### Your objective
Would you transcribe the records below from the line with "GEBE 945131 Ignition coil 12135A06753" to the line with "AGAS Equality Pride", ends included, exactly and with nothing more, leaving the pictures out?

### Provided records

====================

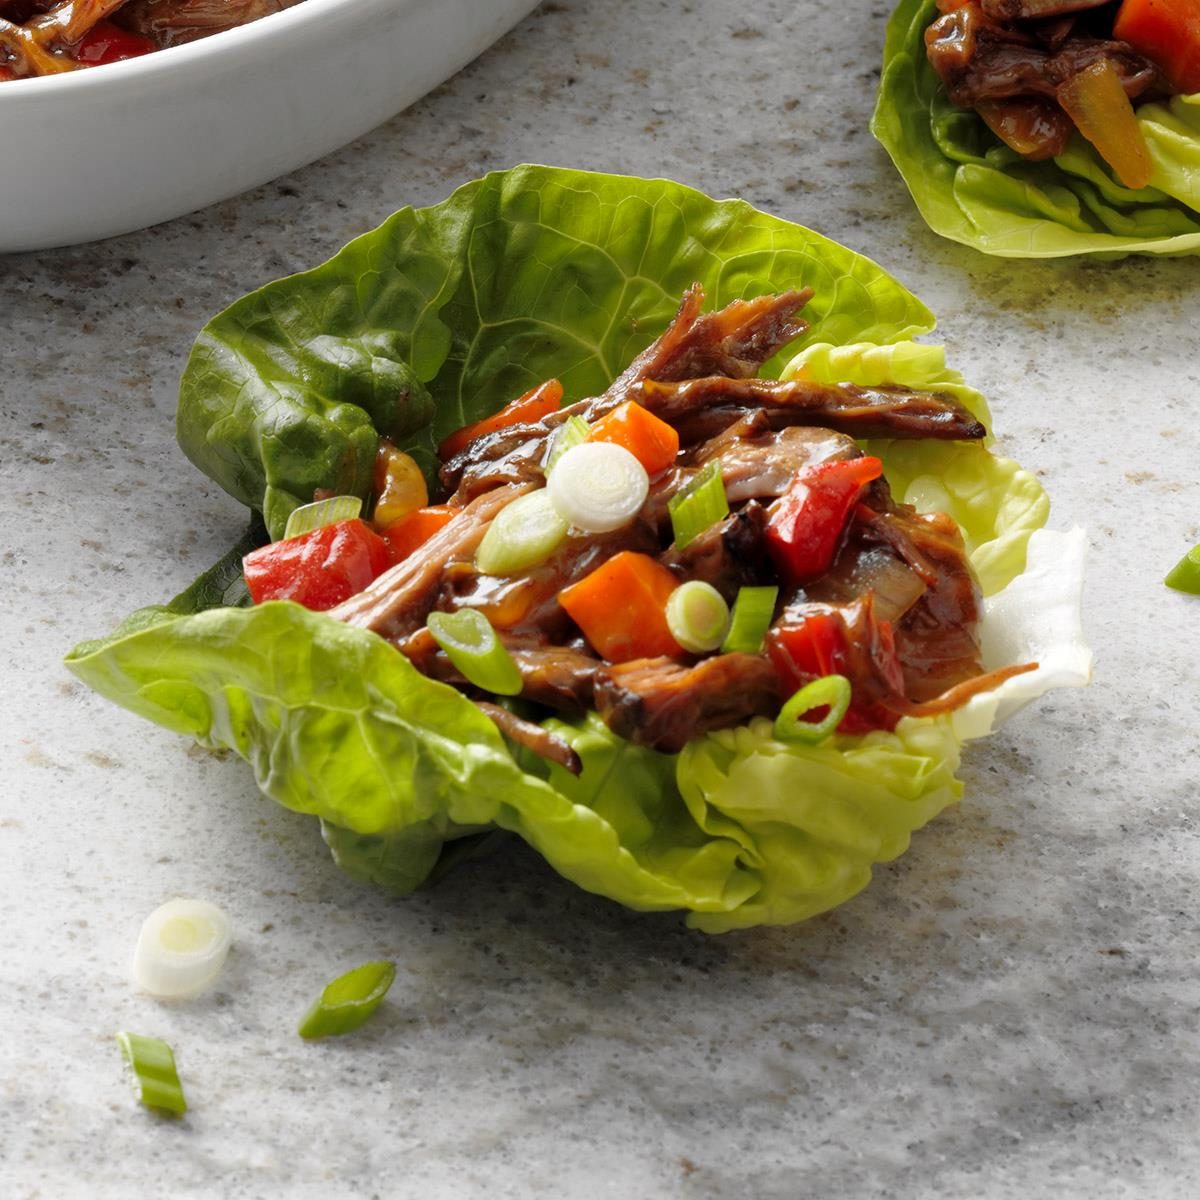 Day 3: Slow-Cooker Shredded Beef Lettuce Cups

====================

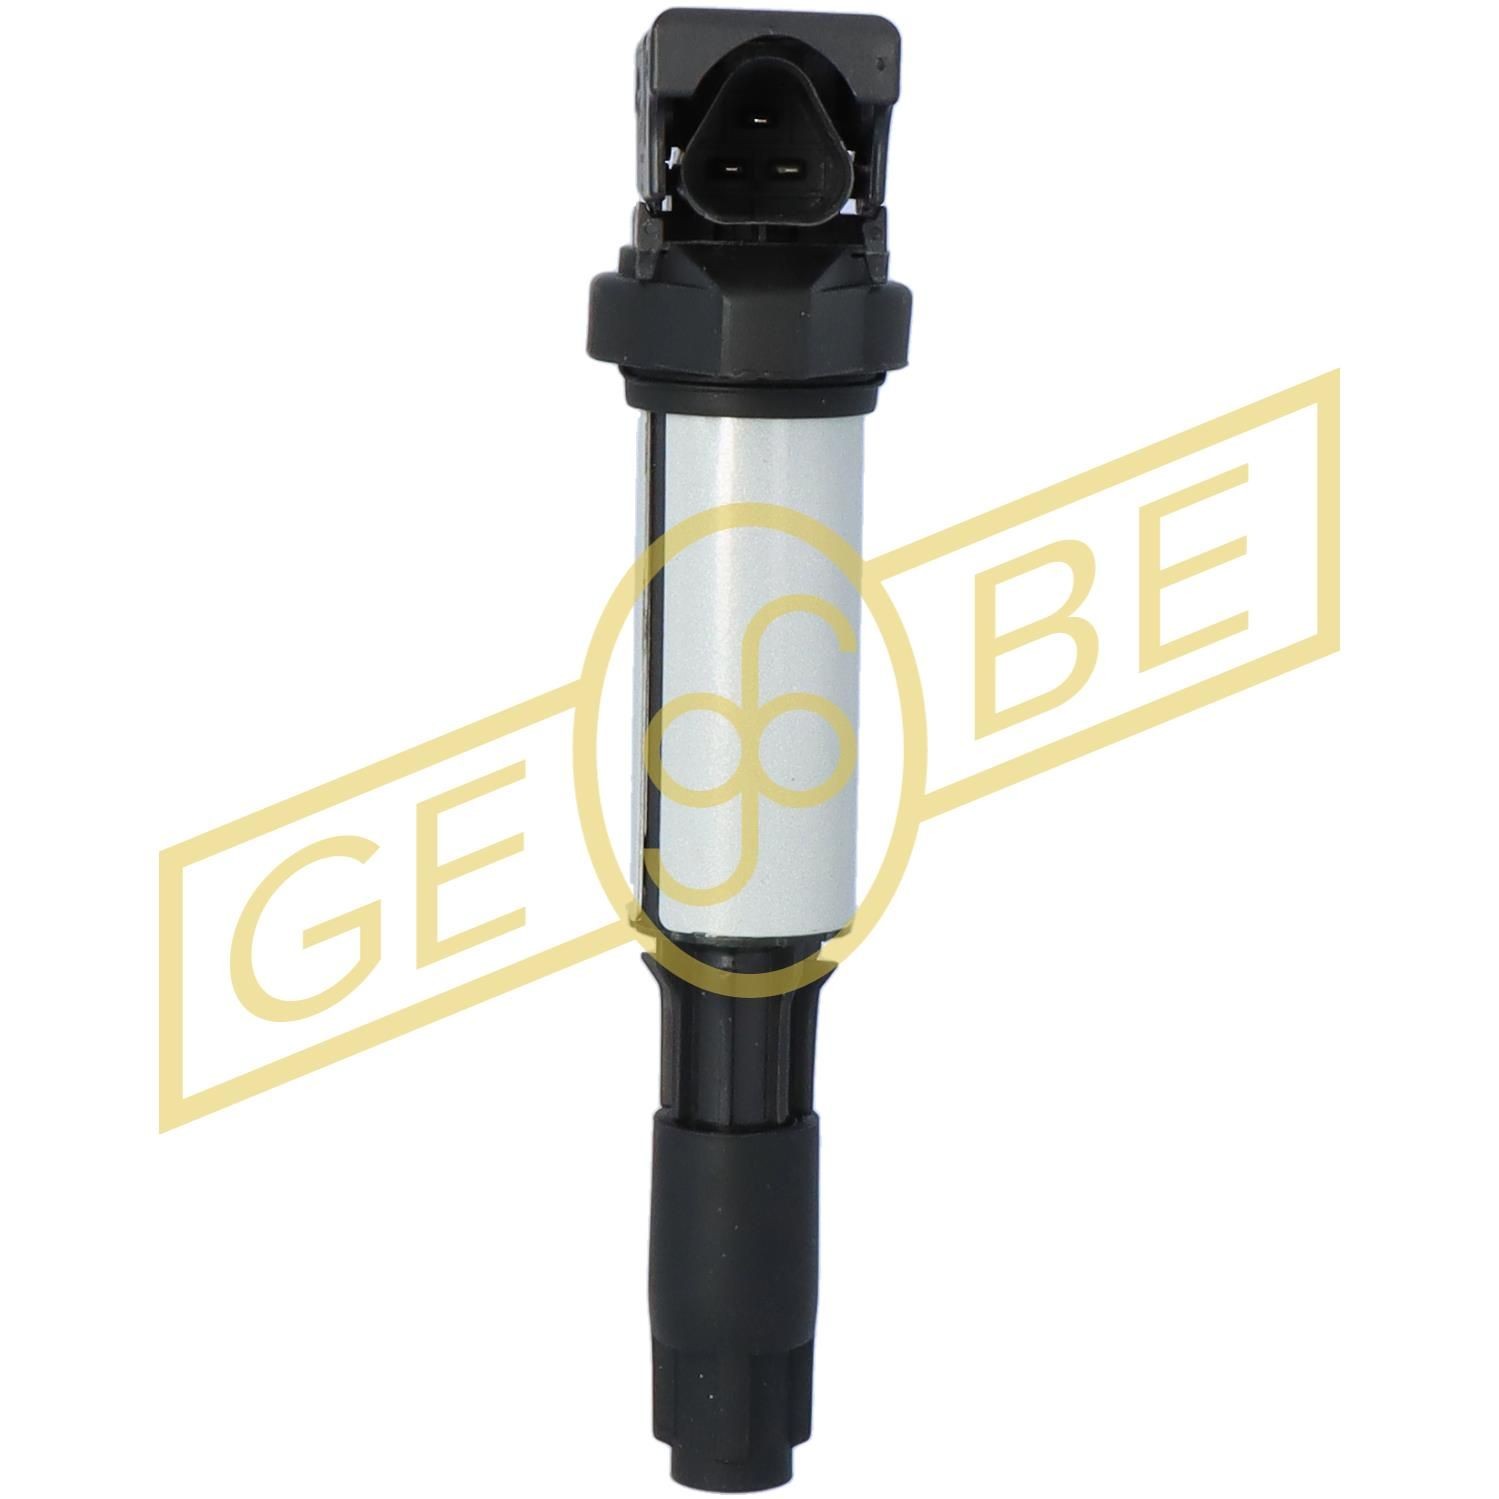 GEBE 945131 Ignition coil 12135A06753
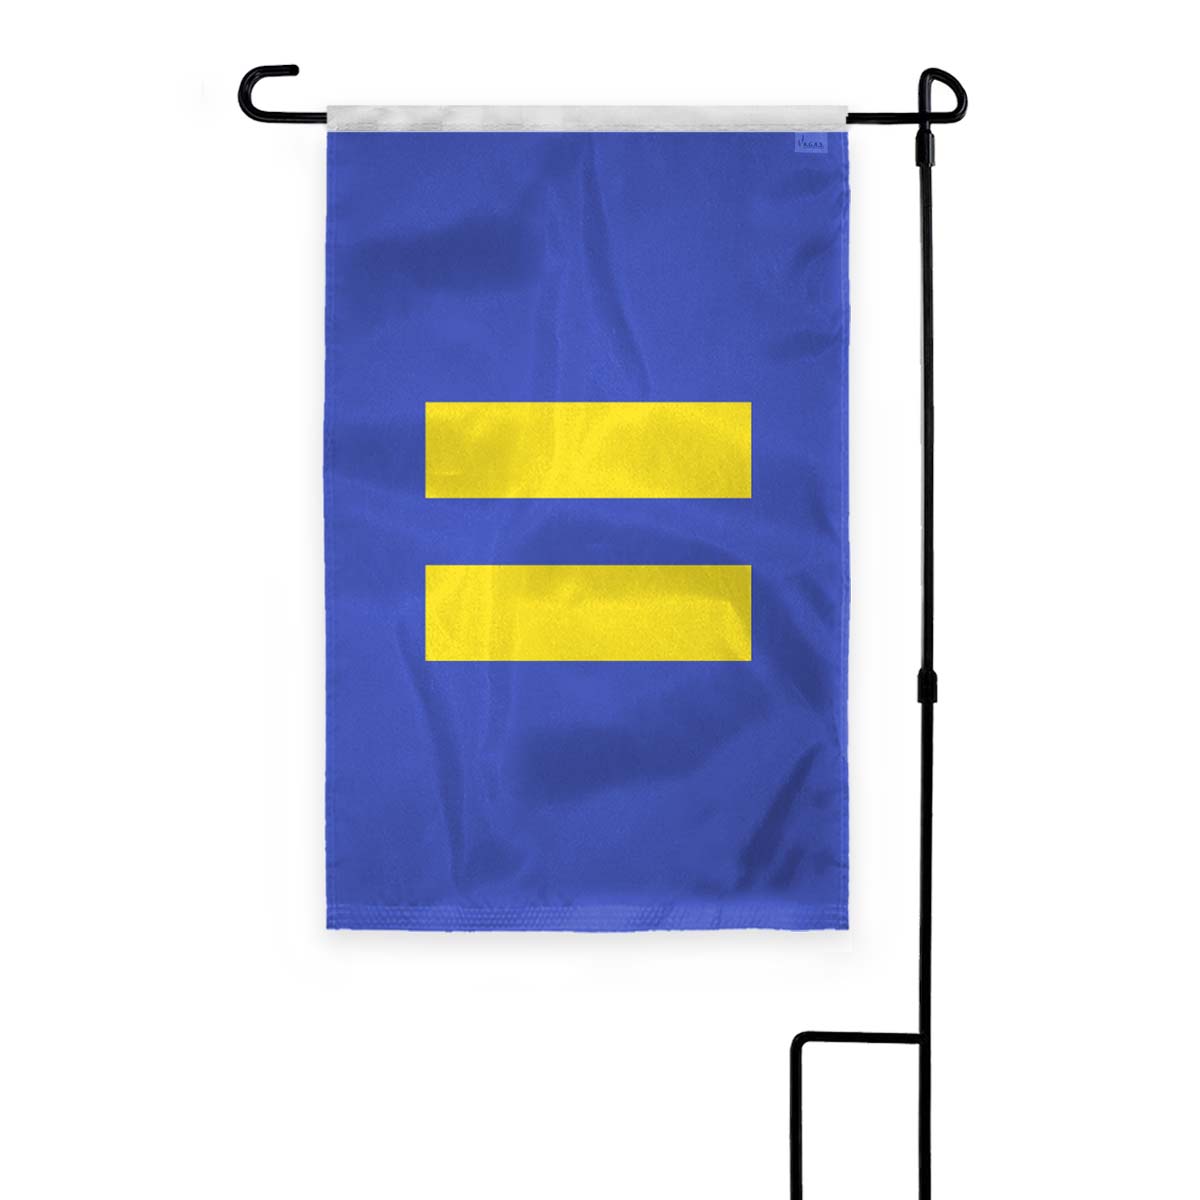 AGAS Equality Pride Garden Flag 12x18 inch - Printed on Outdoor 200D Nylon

====================

### Reply
 GEBE 945131 Ignition coil 12135A06753
 AGAS Equality Pride Garden Flag 12x18 inch - Printed on Outdoor 200D Nylon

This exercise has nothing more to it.